Sayangnya, Ryu tidak memberinya kesempatan untuk bernapas. Auranya benar-benar berbeda dari biasanya. Tuan rumah Minn sama sekali tidak mengerti mengapa Ryu tidak menggunakan satu tombak saja. Jika dia bisa menggunakan tombak seperti ini dan hanya menggunakan satu tombak, Edwin bahkan tidak akan bertahan lima gerakan pun!
“[Aliran Surgawi]… [Dominasi Yin Yang].”
Pembawa acara Minn terbawa ke dalam ritme Ryu.
Serangan Ryu mengalir seperti air. Maju bersama gelombang, surut bersama pasang surut. Dia tampak menguasai alur pertempuran seolah-olah Surga sendiri berada di telapak tangannya.
[Aliran Surgawi: Dominasi Yin Yang] adalah teknik Tingkat Bumi Puncak yang telah ia pelajari. Teknik ini sangat cocok dengan Tombak Kaisar Dewa milik Ryu sehingga ia terkejut.
Tombak Suci Tatsuya bukan hanya seorang prajurit dan tokoh yang berkarakter, tetapi juga penguasa suatu bangsa. Ia bukanlah seorang tiran, melainkan penguasa yang bijaksana dan cerdas. Seseorang yang merupakan seorang pejuang sekaligus cendekiawan. Inilah kekuatan sejati Tombak Tatsuya… Licik, namun berani. Fleksibel, namun teguh. Mengalir, namun menghalangi hujan.
[Aliran Surgawi: Dominasi Yin Yang] memahami konsep ini dengan sempurna.

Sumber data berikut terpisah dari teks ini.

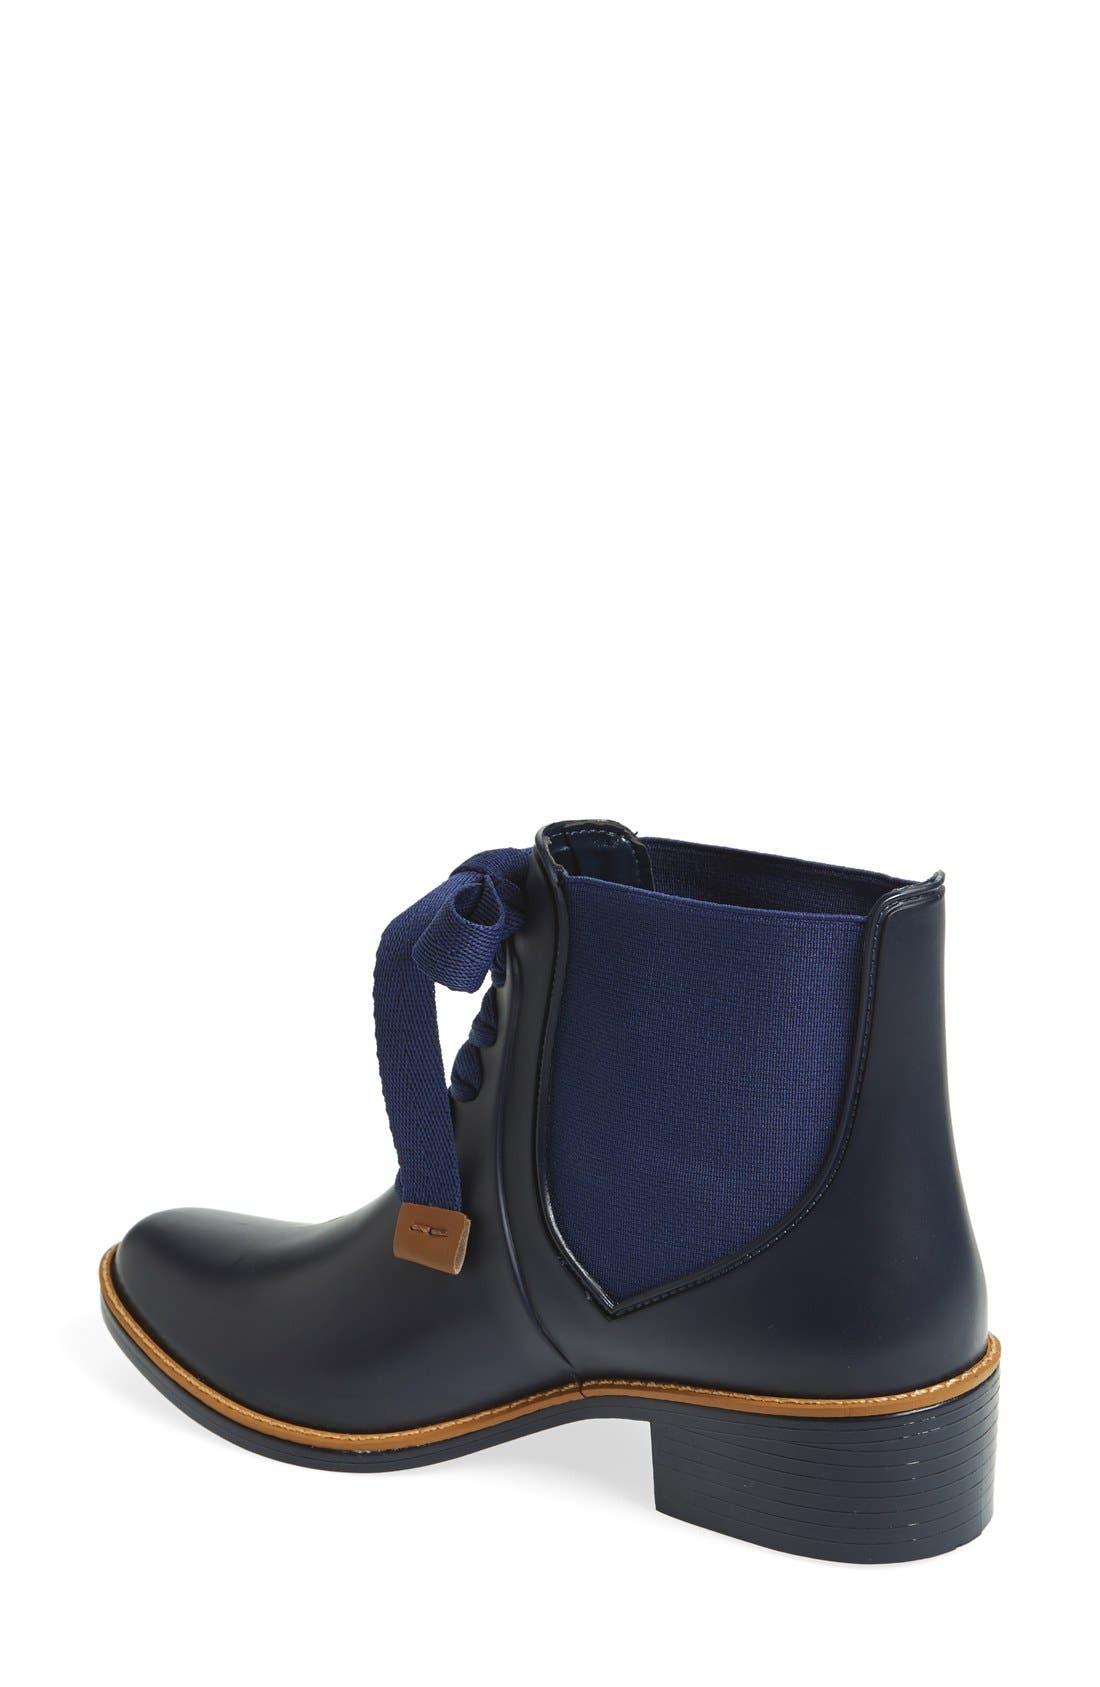 Alternate Image 3  - Bernardo Lacey Short Waterproof Rain Boot (Women)

Ia menciptakan domain tak terlihat di sekitar medan pertempuran, memungkinkan pembacaan naluriah terhadap jalannya pertempuran. Pada akhirnya, ini memberi penggunanya kemampuan untuk menyeimbangkan dan mengimbangi serangan mereka dan serangan lawan mereka sesuka hati.
Saat dipadukan dengan [Perspektif Ketiga] milik Ryu, teknik ini memiliki kekuatan yang luar biasa. Namun, [Dominasi Yin Yang] hanyalah bentuk terlemahnya!

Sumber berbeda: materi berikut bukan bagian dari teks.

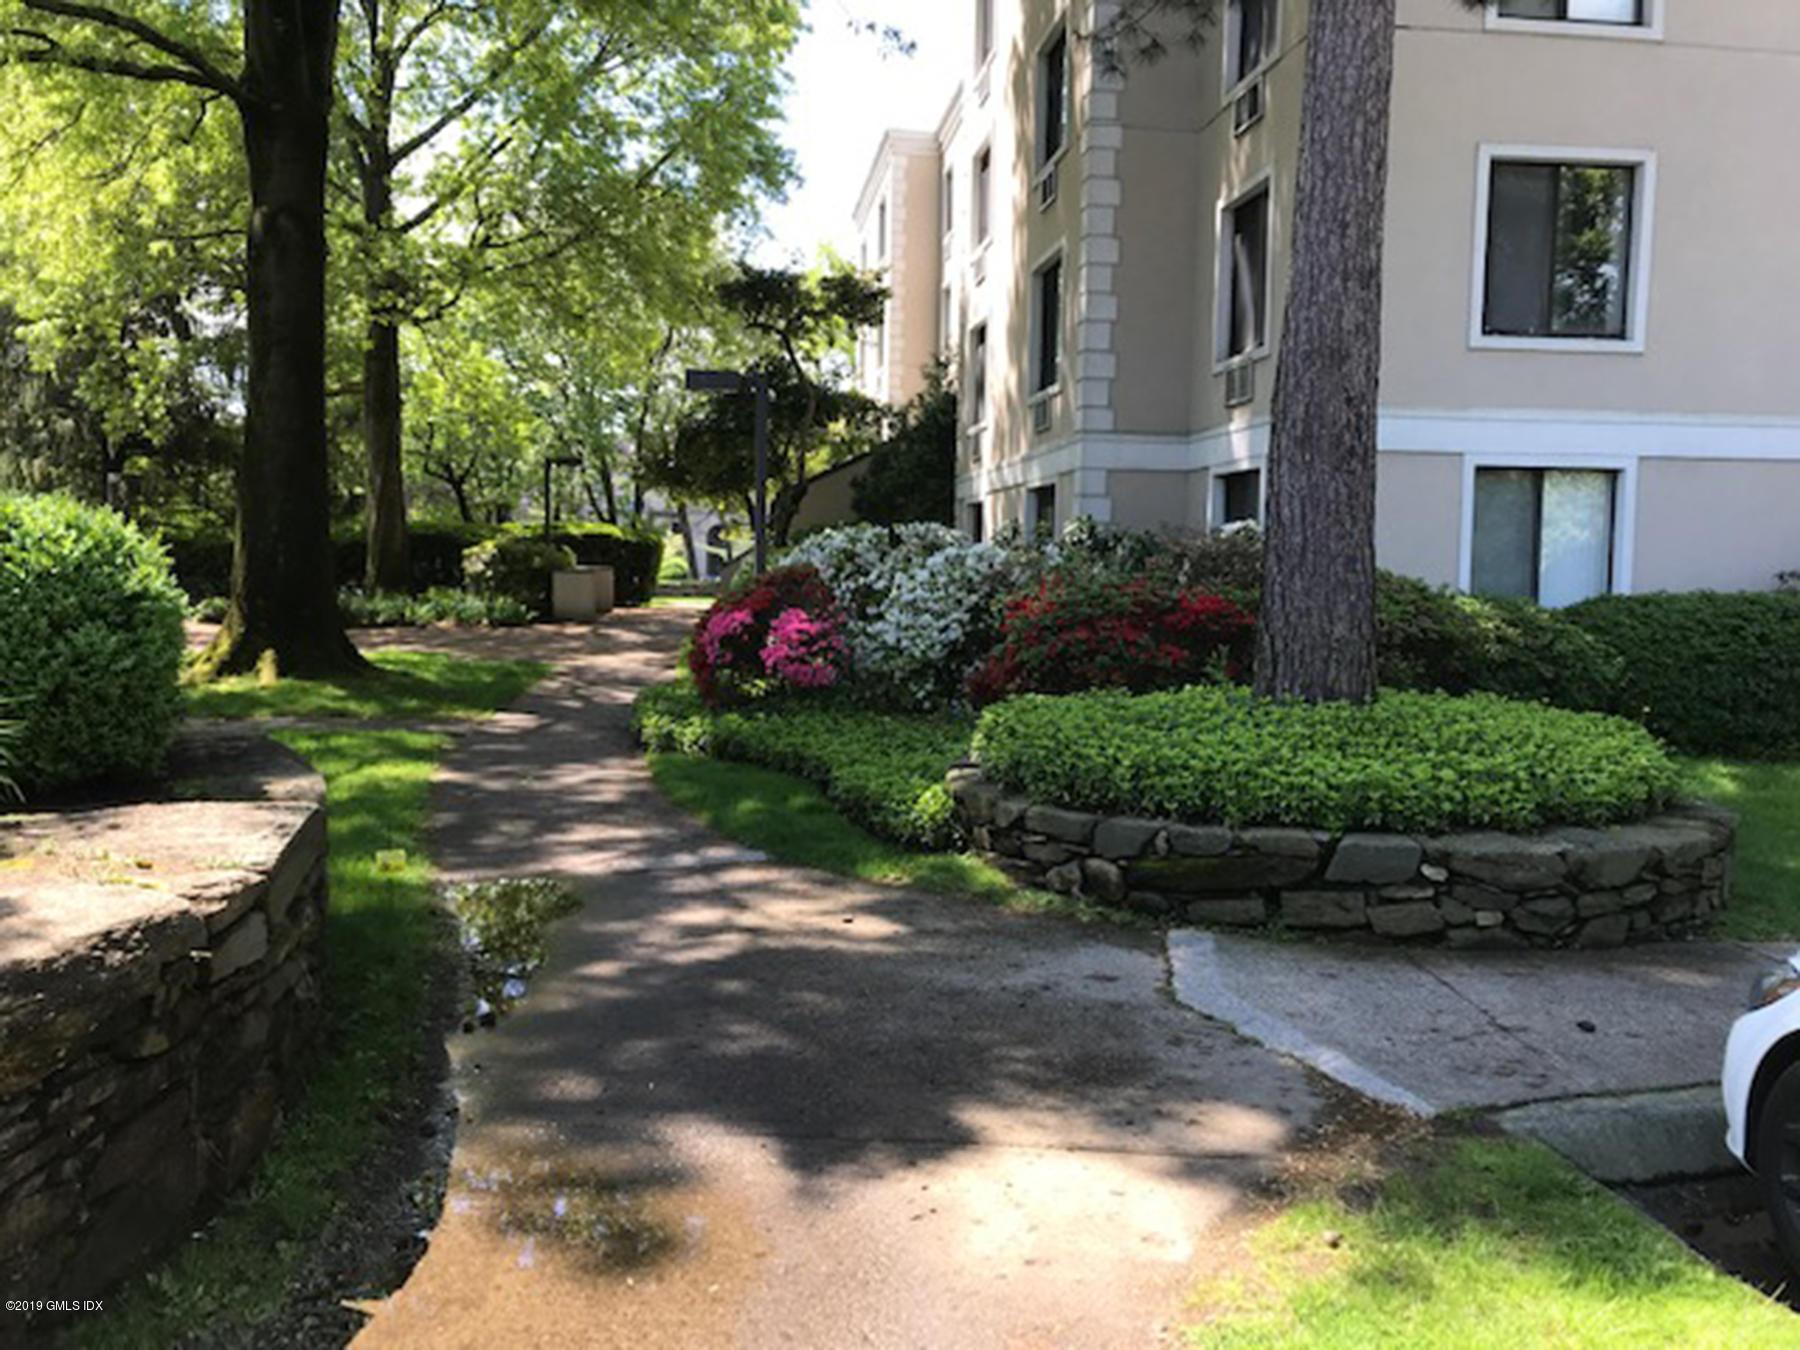 1525 Putnam Avenue,Old Greenwich,Connecticut 06870,1 Bedroom Bedrooms,1 BathroomBathrooms,Condominium,Putnam,107323

Tiba-tiba, tombak Ryu berhenti, membuat Host Minn berkeringat dingin.
“Jika hanya ini yang dimiliki Alam Cincin Abadi, aku akan kecewa. Keluarkan kekuatan sejatimu. Aku akan membiarkanmu mati tanpa dendam kecil.”

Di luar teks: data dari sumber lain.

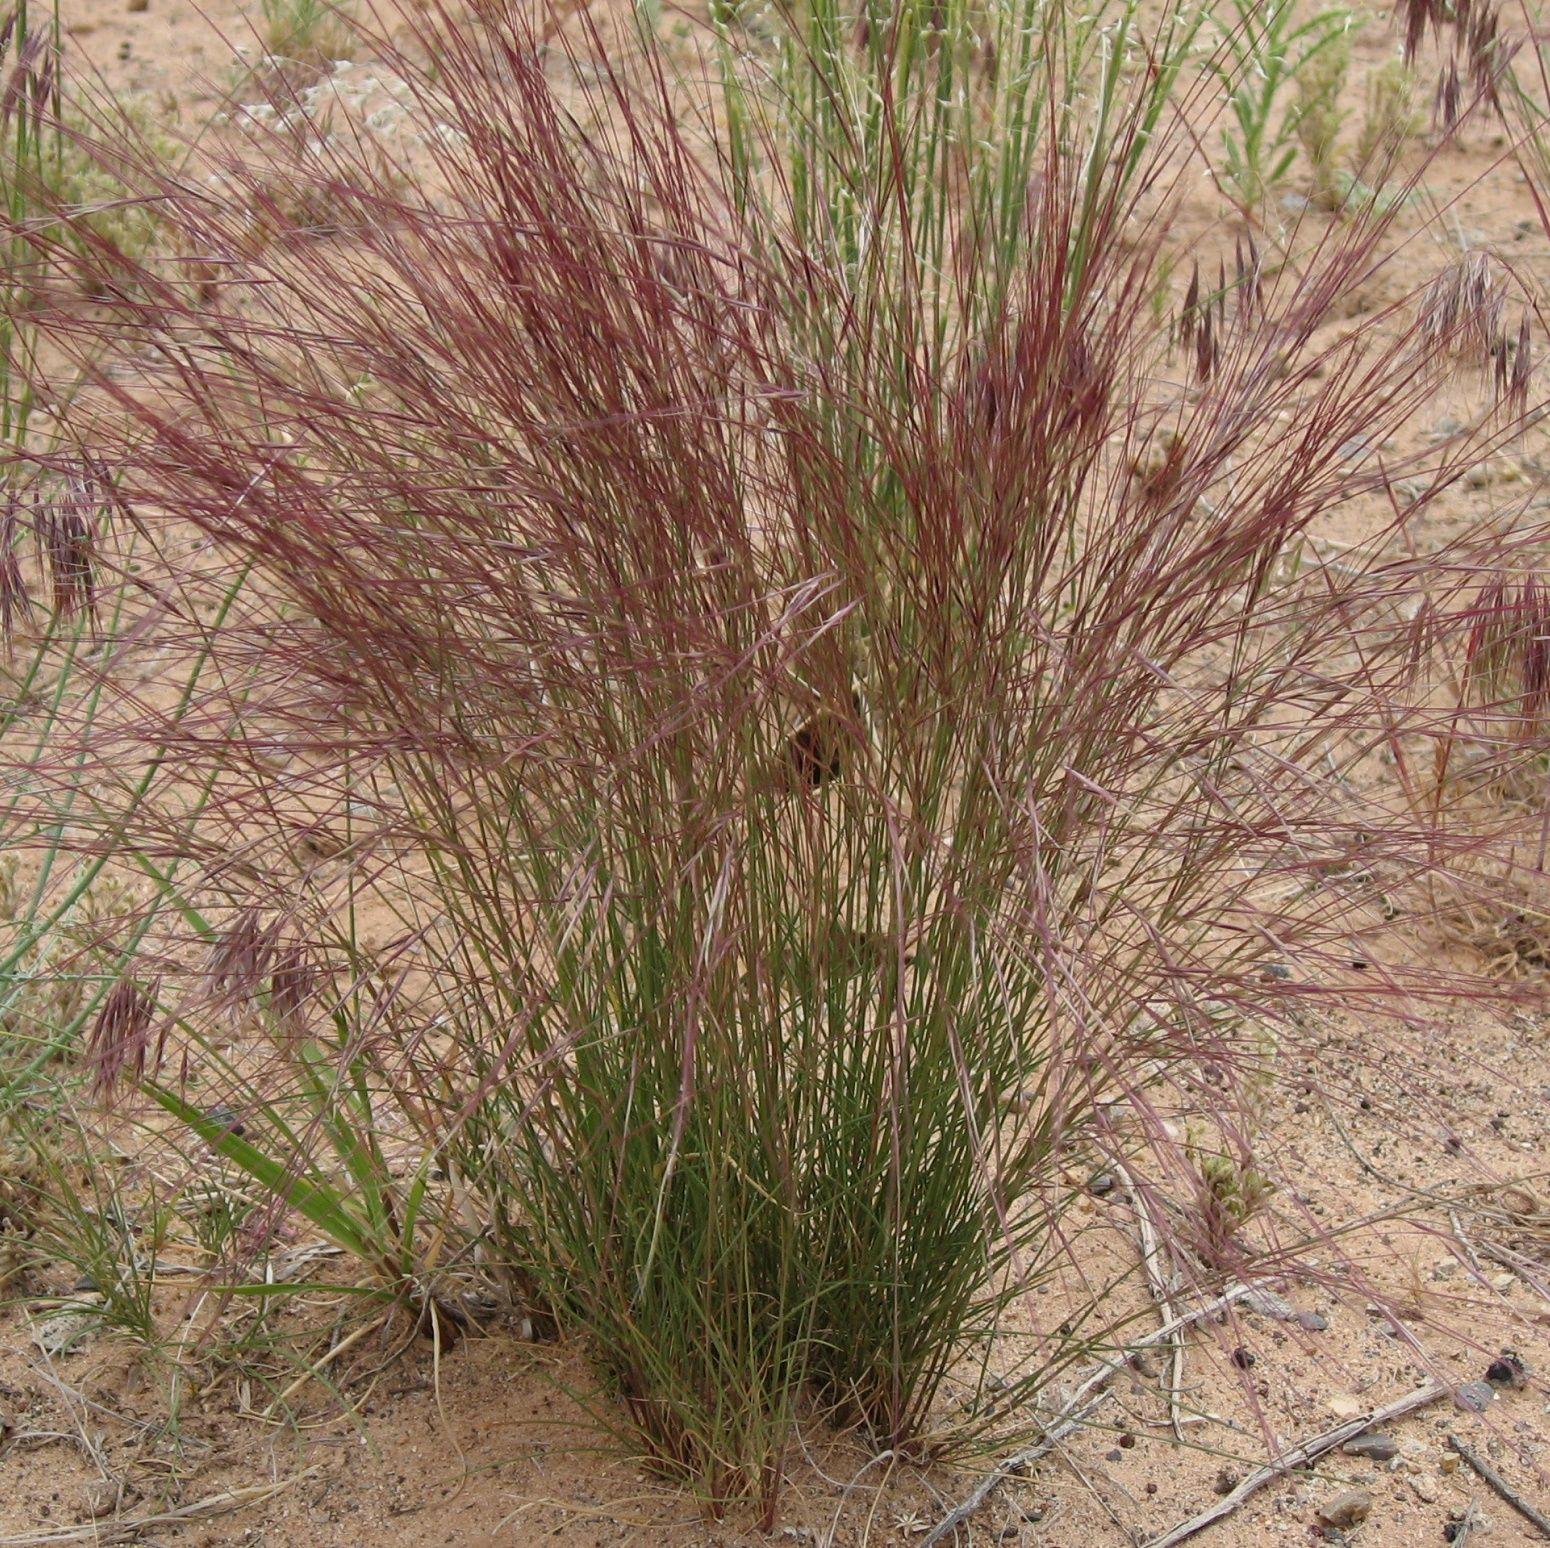 Aristida purpurea aristida purpurea longiseta for Purple grass

Wajah pembawa acara Minn memerah karena marah.
“…” Dia menatap Ryu begitu tajam hingga seolah-olah tatapannya mampu menembus Ryu. “…Kau akan segera tahu kesalahan besar yang telah kau buat.”
Tubuh Host Minn mulai memancarkan cahaya putih pucat. Cahaya itu berdenyut keluar dari tubuhnya, perlahan membentuk lingkaran di punggungnya. Tidak… Itu bukan lingkaran… Itu cincin!
Pada saat itu, qi di sekitarnya mulai mengalir deras ke arahnya, menggunakan cincin putih pucat itu sebagai perantara.
Seiring berjalannya waktu, Host Minn tampak semakin dipenuhi semangat.
Ryu berdiri di udara dalam diam, mengamati proses ini dari awal hingga akhir tanpa ikut campur. Dia tahu persis apa ini… Inilah yang benar-benar memisahkan Dewa dan manusia… Inilah yang membuat jurang antara Alam Penghubung Surga dan Alam Cincin Abadi begitu besar… Kemampuan untuk memanggil qi untuk melakukan perintahmu!